Оскар Рабин Парижский натюрморт Холст, масло. 1984 г. |
Картины Рабина, написанные в России, — это то, что его там волновало, мучало, радовало, заставляло страдать, вдохновляло на любовь и ненависть. Западные искусствоведы обычно относили и относят его творчество то к неоэкспрессионизму, то к фантастическому реализму. Они правы и не правы, ибо как всякий подлинный художник Оскар Рабин, используя приемы тех или иных школ, создал собственный, ни на кого не похожий стиль, нашел особый ключ к раскрытию образа России. Этот ключ — бытовая символика, предметы из обихода, из повседневной жизни, вынесенные на передний план холста. Предметы самые разные — рыбы, газеты, рубашки, коты, водочные бутылки, скрипки — и вроде бы самые обычные. Однако всегда, беря тот или иной предмет, Рабин превращал его в предмет-символ, придавал ему второй смысл, вторую функцию, дополнительную к основной обыденной, а порой даже от нее отличную. И оттого эти символы обретали особую силу. И оттого они — обыкновенные (подумаешь, невидаль — рыба на газете «Правда»!) — каждый раз смотрелись наново и неожиданно.
Сам Рабин не раз говорил мне еще в Москве, что вне России он писать не сумеет, и ссылался на свои бесплодные попытки заниматься живописью в Прибалтике или в Грузии, куда он уезжал отдыхать.

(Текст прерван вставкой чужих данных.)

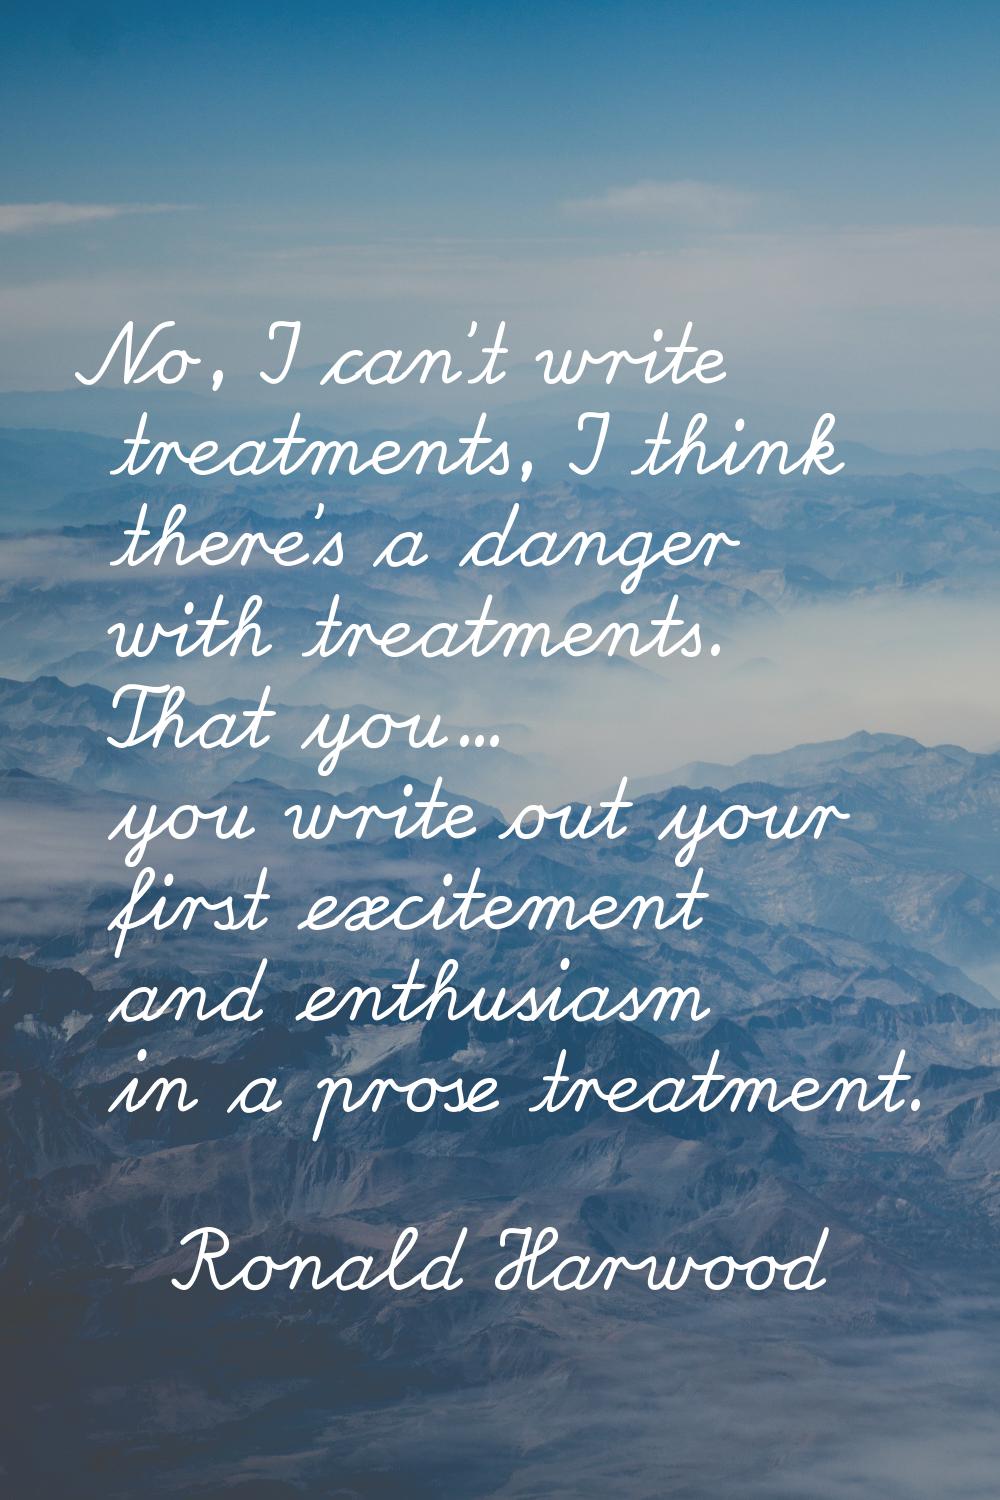 No, I can't write treatments, I think there's a danger with treatments. That you... you write out y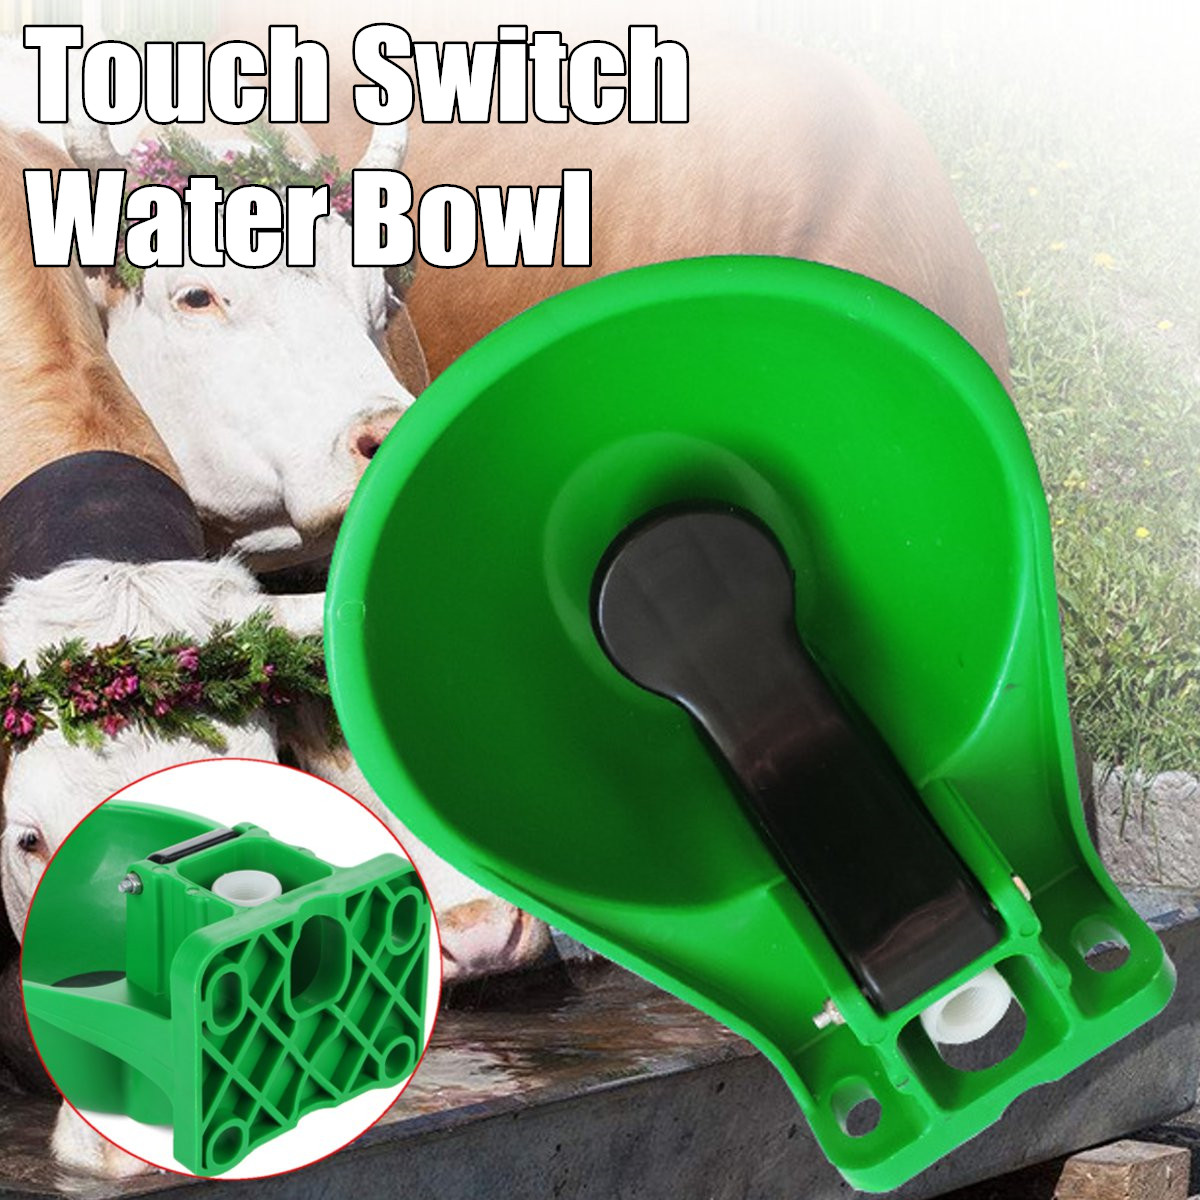 Large-Automatic-Touch-Switch-Water-Bowl-Bottle-Dispenser-Farm-Cow-Horse-Drinking-Waterer-1385253

Но в 1978 году случилось иное. Не в отпуск уехал Рабин, не в отпуск, после которого возвращаются домой, а в изгнание. Жизнь оказалась расколотой надвое. «Ты там обретешь себя, — говорил Рабину в Москве наш общий друг, художник Владимир Немухин, — лет через пять, не раньше». И вправду, это абстрактному художнику или художнику-концептуалисту отъезд в другой мир особых проблем для творчества не создает. А как быть Рабину, которому известный коллекционер русского авангарда 20-х годов Георгий Дионисович Костаки как-то сказал: «Ты, Оскар, пишешь кишками». Еще говорили ему — пишешь кровью. А как, действительно, быть, если ты потерял родину, если тебя изгнали из страны, которую ты знал, как самого себя, которая была для тебя и матерью, и мачехой, противоречивые чувства к которой были основой всего твоего творчества?!

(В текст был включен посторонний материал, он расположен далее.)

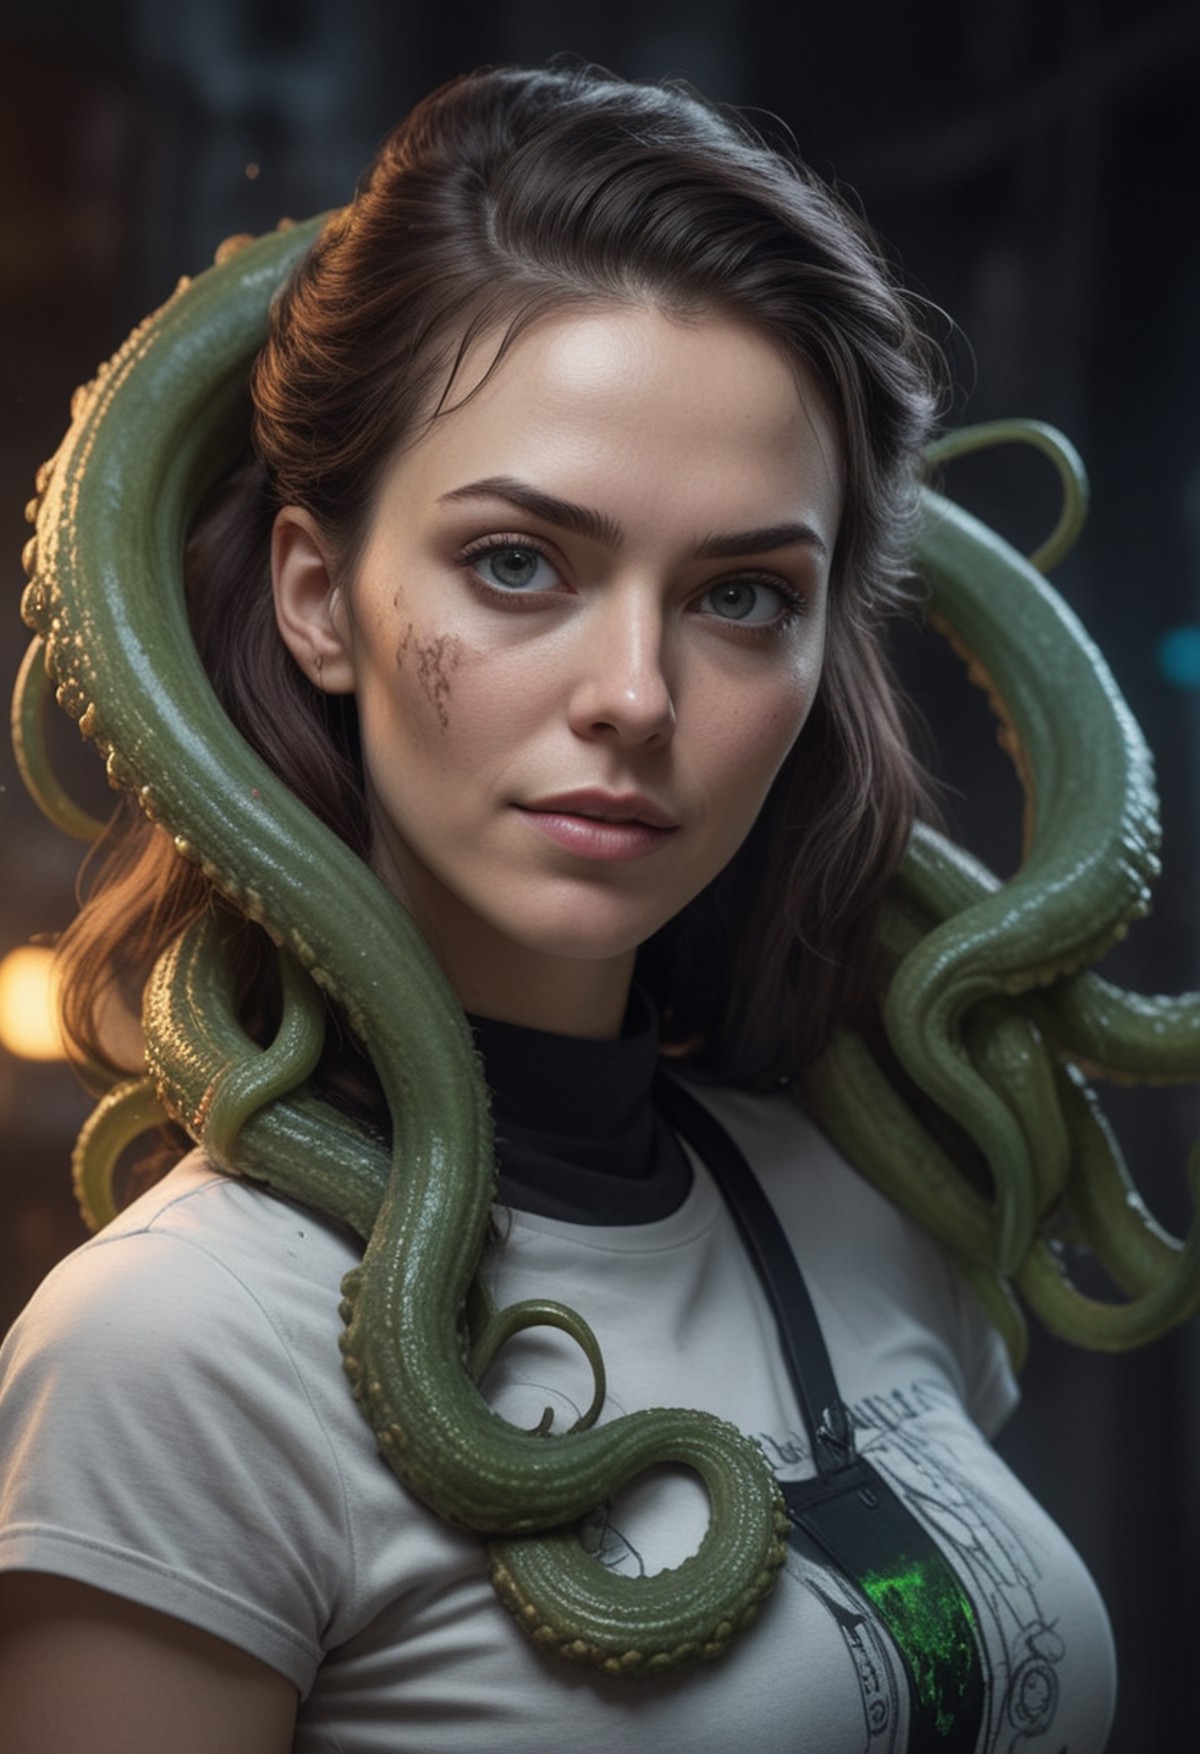 "Cosmic Eldritch Portrait: Photorealistic Cthulhu-Inspired Woman" - Picture a hyper-realistic RAW photo of a woman, blendi...

Я помню первые картины, написанные Оскаром Рабиным в Париже. Я помню картины, написанные им через год и через два после изгнания из России. Это был Рабин и не Рабин. Как будто бы тот же стиль, тот же, с небольшим просветлением, колорит, та же бытовая, только из французского быта, символика. И все-таки это казалось созданным другим художником. В этих картинах было мастерство, была индивидуальность, порою была присущая Рабину ирония, была выдумка, но не было того эмоционального накала, о котором говорил Костаки и который отмечал русские полотна Рабина, не оставлявшие равнодушными никого — ни поклонников его творчества, ни хулителей, ни друзей, ни врагов.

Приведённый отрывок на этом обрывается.